Perplexica/docs/architecture/WORKING.md

## How does Perplexica work?

Curious about how Perplexica works? Don't worry, we'll cover it here. Before we begin, make sure you've read about the
architecture of Perplexica to ensure you understand what it's made up of. Haven't read it? You can read
it [here](https://github.com/ItzCrazyKns/Perplexica/tree/master/docs/architecture/README.md).

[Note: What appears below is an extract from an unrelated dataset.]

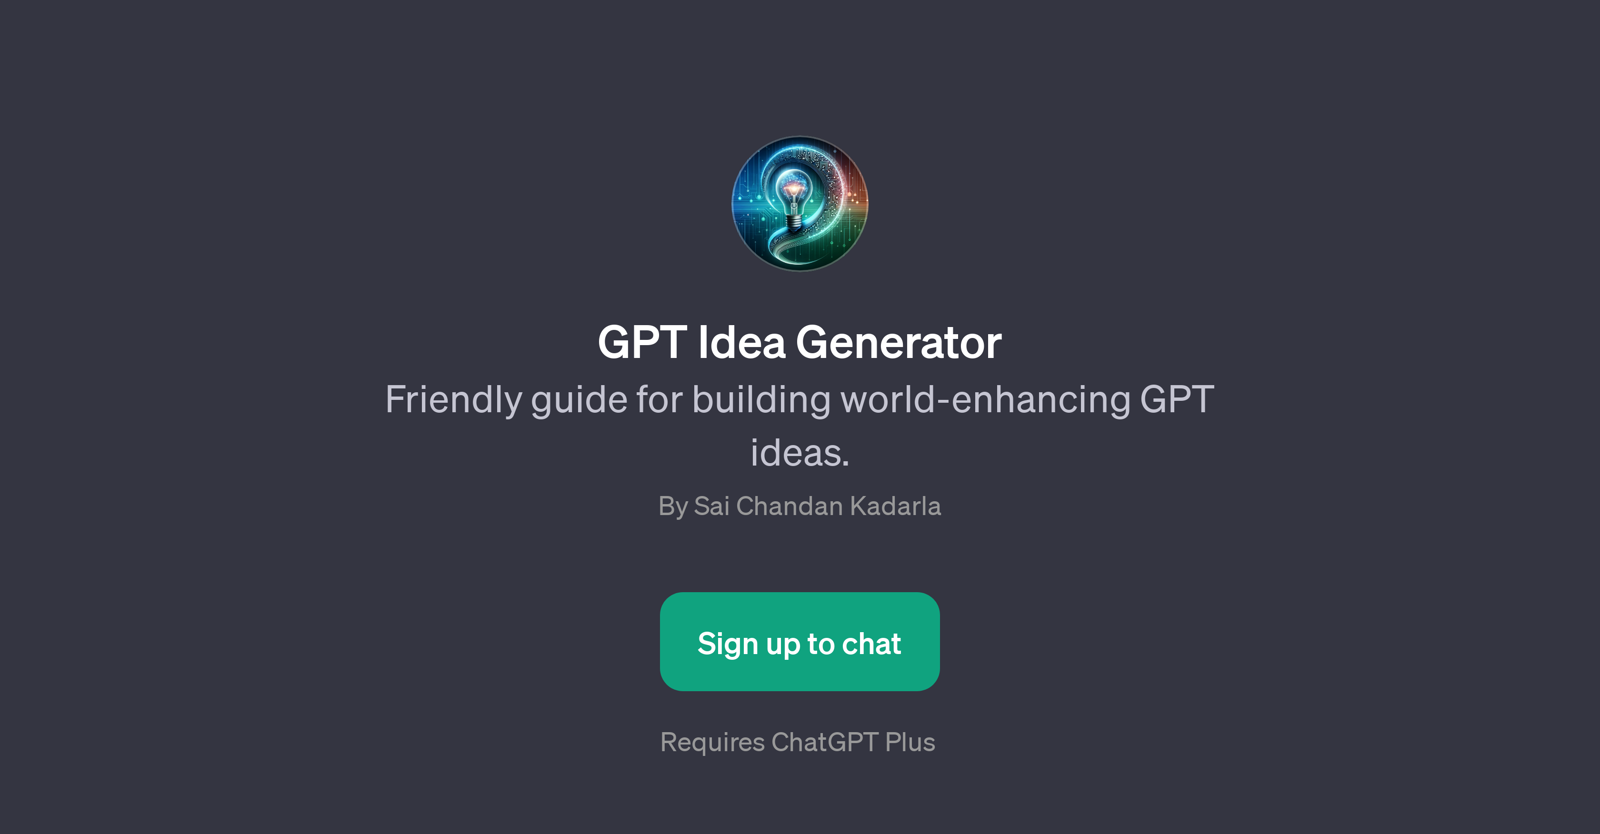 GPT Idea Generator website

We'll understand how Perplexica works by taking an example of a scenario where a user asks: "How does an A.C. work?".
We'll break down the process into steps to make it easier to understand. The steps are as follows:

1. The message is sent via WS to the backend server where it invokes the chain. The chain will depend on your focus
   mode. For this example, let's assume we use the "webSearch" focus mode.
2. The chain is now invoked; first, the message is passed to another chain where it first predicts (using the chat
   history and the question) whether there is a need for sources and searching the web. If there is, it will generate a
   query (in accordance with the chat history) for searching the web that we'll take up later. If not, the chain will
   end there, and then the answer generator chain, also known as the response generator, will be started.
3. The query returned by the first chain is passed to SearXNG to search the web for information.
4. After the information is retrieved, it is based on keyword-based search. We then convert the information into
   embeddings and the query as well, then we perform a similarity search to find the most relevant sources to answer the
   query.
5. After all this is done, the sources are passed to the response generator. This chain takes all the chat history, the
   query, and the sources. It generates a response that is streamed to the UI.

### How are the answers cited?

The LLMs are prompted to do so. We've prompted them so well that they cite the answers themselves, and using some UI
magic, we display it to the user.

### Image and Video Search

Image and video searches are conducted in a similar manner. A query is always generated first, then we search the web
for images and videos that match the query. These results are then returned to the user.